Ahead of him, his cousin bobbed around, peeking over her shoulder. Wisps of blond hair had escaped from her hood, sparkling like angel dust in the light of the torches interspersed along the path. At the sight of him there behind her, she looked — pleased. As though she had actually meant those words of welcome. They did say time healed all wounds. But then, people said a lot of bloody silly things. Didn’t she realize that she wasn’t supposed to be happy to see him?
Robert decided it probably wasn’t in his own best interest to remind her of that.
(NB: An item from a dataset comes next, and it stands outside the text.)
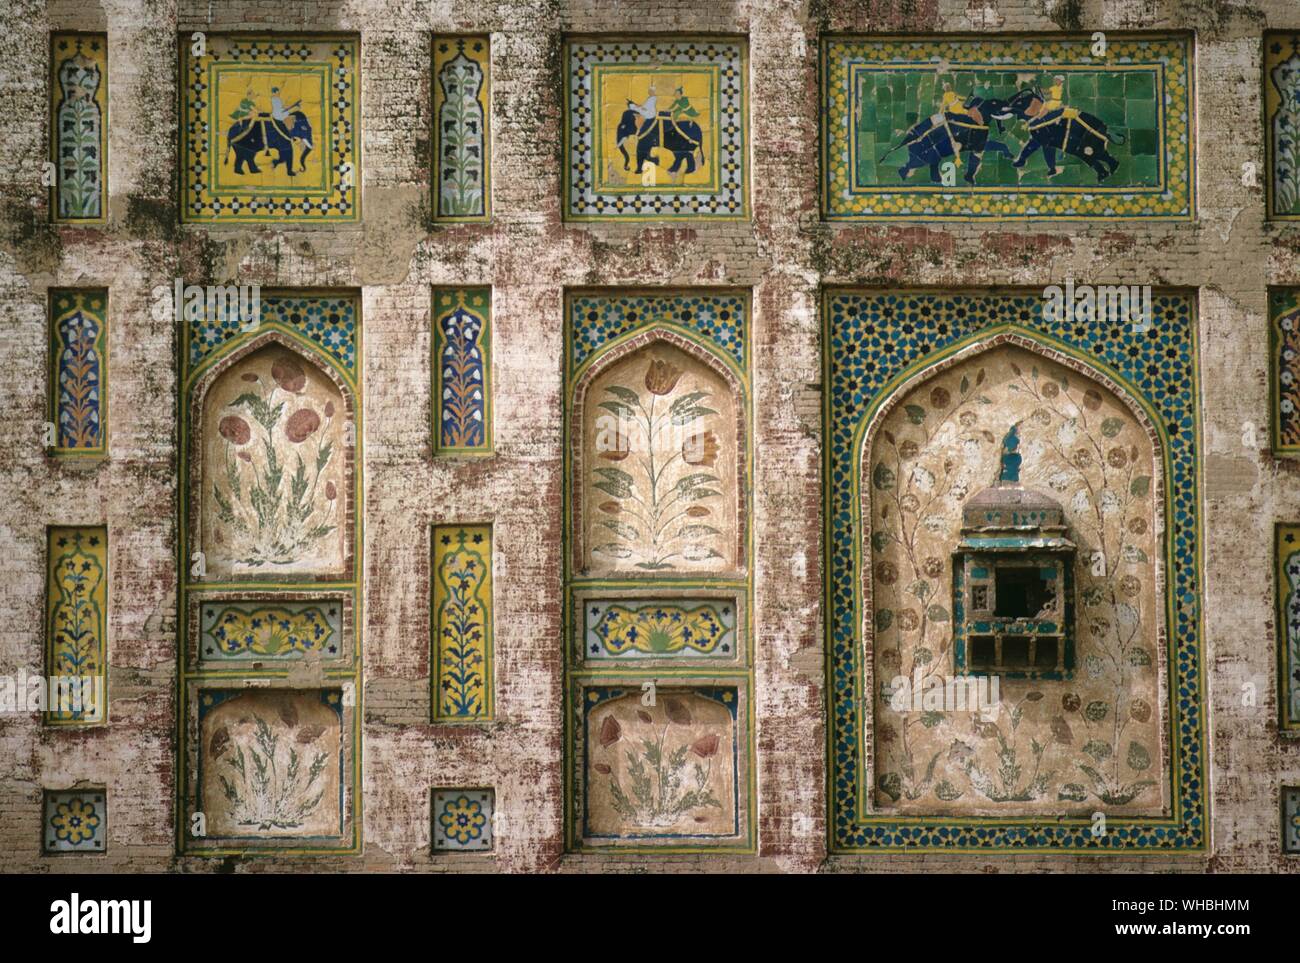 Tile work from the mid 17th Century of the Fort or Citadel in Lahore , Pakistan Stock Photo
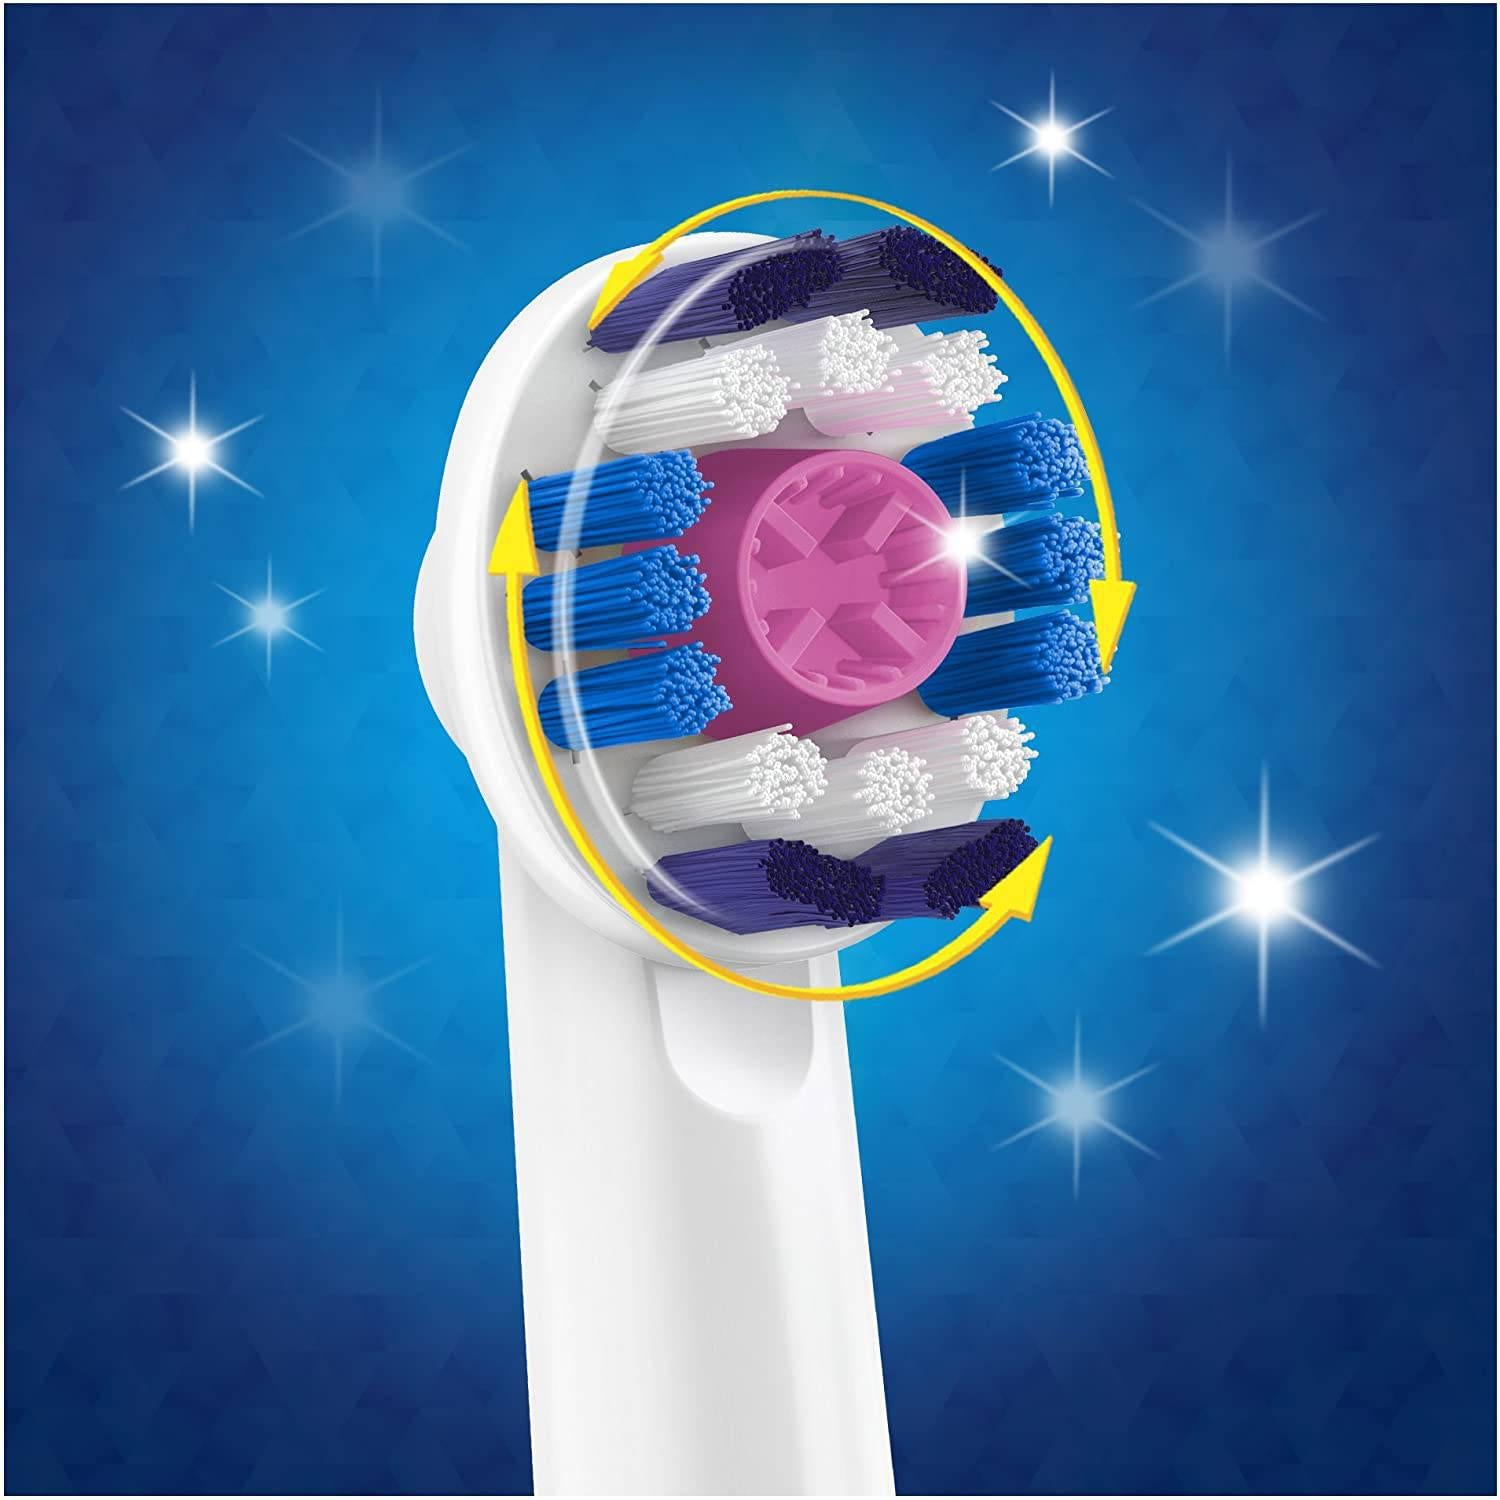 Oral-B Genuine 3D White Replacement Toothbrush Heads - Round Head - Pack of 4 - Healthxpress.ie

He sent a warm smile her way, undoubtedly a wasted gesture given the uncertainty of the lighting and the fact that her friend was already claiming her attention with a hand on her arm and a whispered comment that made his cousin laugh and shake her hooded head.
Little Charlotte. Who would have thought it? She was still very much Little Charlotte, Robert thought with a slight smile, for all that she must be turned twenty. The top of her bright red hood came up just to her taller friend’s ear, and she walked with a bouncing step that was nearly a skip. He remembered her as she had been, a whimsical, wide-eyed little thing with rumpled blond curls that no one ever bothered to brush and a disconcertingly adult way of speaking.
He hadn’t thought to find her back at Girdings.
To be honest, he hadn’t thought about her at all. Cultivating family ties hadn’t been high on his list of objectives in returning to Girdings. Coming back to Girdings had been no more than a necessary evil, a means to an end.
Next to him, Tommy sunk his chin as deeply into his collar as it would go, which made him look like a disgruntled turtle. “Feather beds,” he muttered. “Mulled wine. A fire. Remind me why we’re here again?”
It required only one word. “Staines.”
“Oh. Right.” Tommy sunk his head even deeper into his collar. “If he has any sense, he won’t be out here, either.”
“Sense isn’t something he’s known for.”
Tommy wrinkled his brow, the only bit of him still visible over his collar. “Who’s the less sensible — he for being out here, or we for following him?” When Robert didn’t answer him, his tone turned serious. Swiping wool out of the way of his mouth, he said very carefully, “Rob — are you sure this is a good idea?”